Search code examples
apache-flinkflink-streaming

How to split a window based on a second key in Apache Flink?


I am trying to create a data stream processing of a product scanner which generates events in the form of the following Tuple4: Timestamp(long, in milliseconds), ClientID(int), ProductID(int), Quantity(int).

At the end, a stream of Tuple3 should be obtained: ClientID(int), ProductID(int), Quantity(int) which represents a grouping of all the products with the same ProductID purchased by one client with a given ClientID. For any "transaction" there can be a maximum of a 10 seconds gap between product scans.

This is a short snippet of code that shows my initial attempt:

        DataStream<Tuple4<Long, Integer, Integer, Integer>> inStream = ...;

        WindowedStream<Tuple4<Long, Integer, Integer, Integer>, Integer, TimeWindow> windowedStream = inStream
            .keyBy((tuple) -> Tuple2.of(tuple.f1, tuple.f2))
            .window(EventTimeSessionWindows.withGap(Time.seconds(10)));
        
        windowedStream.aggregate(...); // Drop timestamp, sum quantity, keep the rest the same

However, this is where the issue comes in. Normally, a SessionWindow would be enough, but in this case it implements a gap of 10 seconds between 2 events with the key (ClientID, ProductID), which is not what is expected.

If we imagine the following tuples coming in:

  1. (10_000, 1, 1, 1) <6 second gap>
  2. (16_000, 1, 2, 1) <6 second gap>
  3. (22_000, 1, 1, 1) <6 second gap>
  4. (28_000, 1, 2, 1)

The sequence of tuples should be in the same SessionWindow, and 1 and 2 should be merged with 3, respectively 4, generating two output events. However, they are not in the same SessionWindow, because 1+3 and 2+4 are split in their separate streams by the keyBy and they are not aggregated since they do not fulfill the requirement of max 10 seconds between products.

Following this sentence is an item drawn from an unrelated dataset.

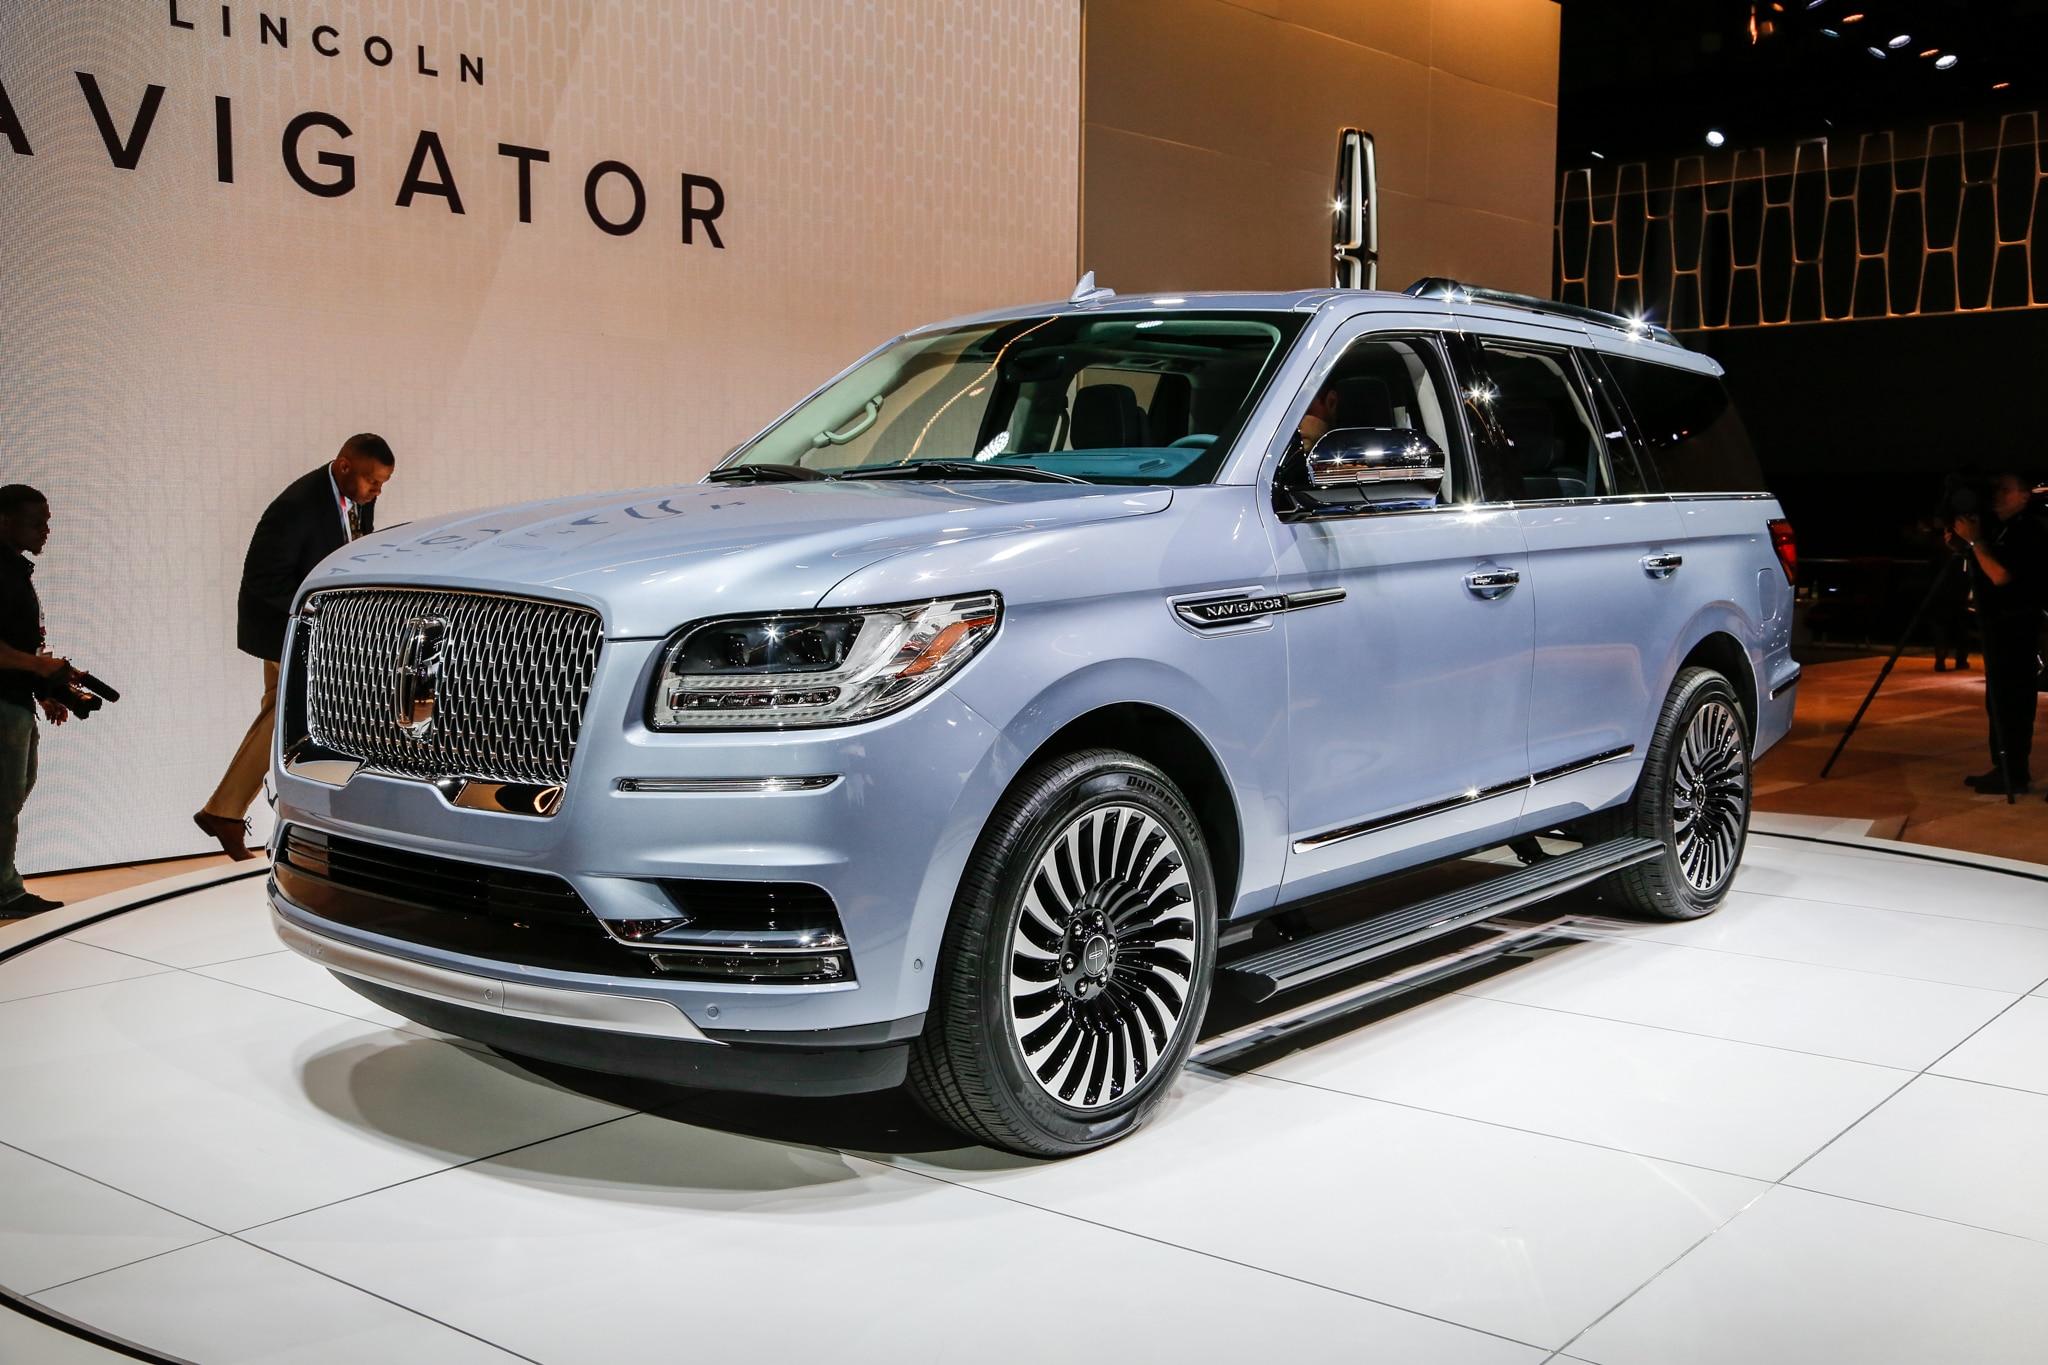 Lincoln lincoln navigator new york auto show 2018 lincoln navigator - Show More

I am wondering if there is a way to solve this with the application of a "second" key. First, the stream should be split based on the key ClientID, and then a SessionWindow should be applied (irrespective of the product). Following that, I was wondering if there is a way to subdivide the ClientID-keyed SessionWindows with the use of the second key (which would be ProductID) and effectively reach the same key as before (ClientID, ProductID) without the previous issue. Then, the aggregate could be applied normally to reach the expected output stream.

If that is not possible, is there any other way of solving this?


Solution

  • The simplest way to solve it would be to just do partitioning base on theClientID to capture all scans done by the particular client and then use process that would give You access to all elements in the paricular window, where You can generate separate events or outputs for every ProductID. Is there any reason why that might not work in Your setup ??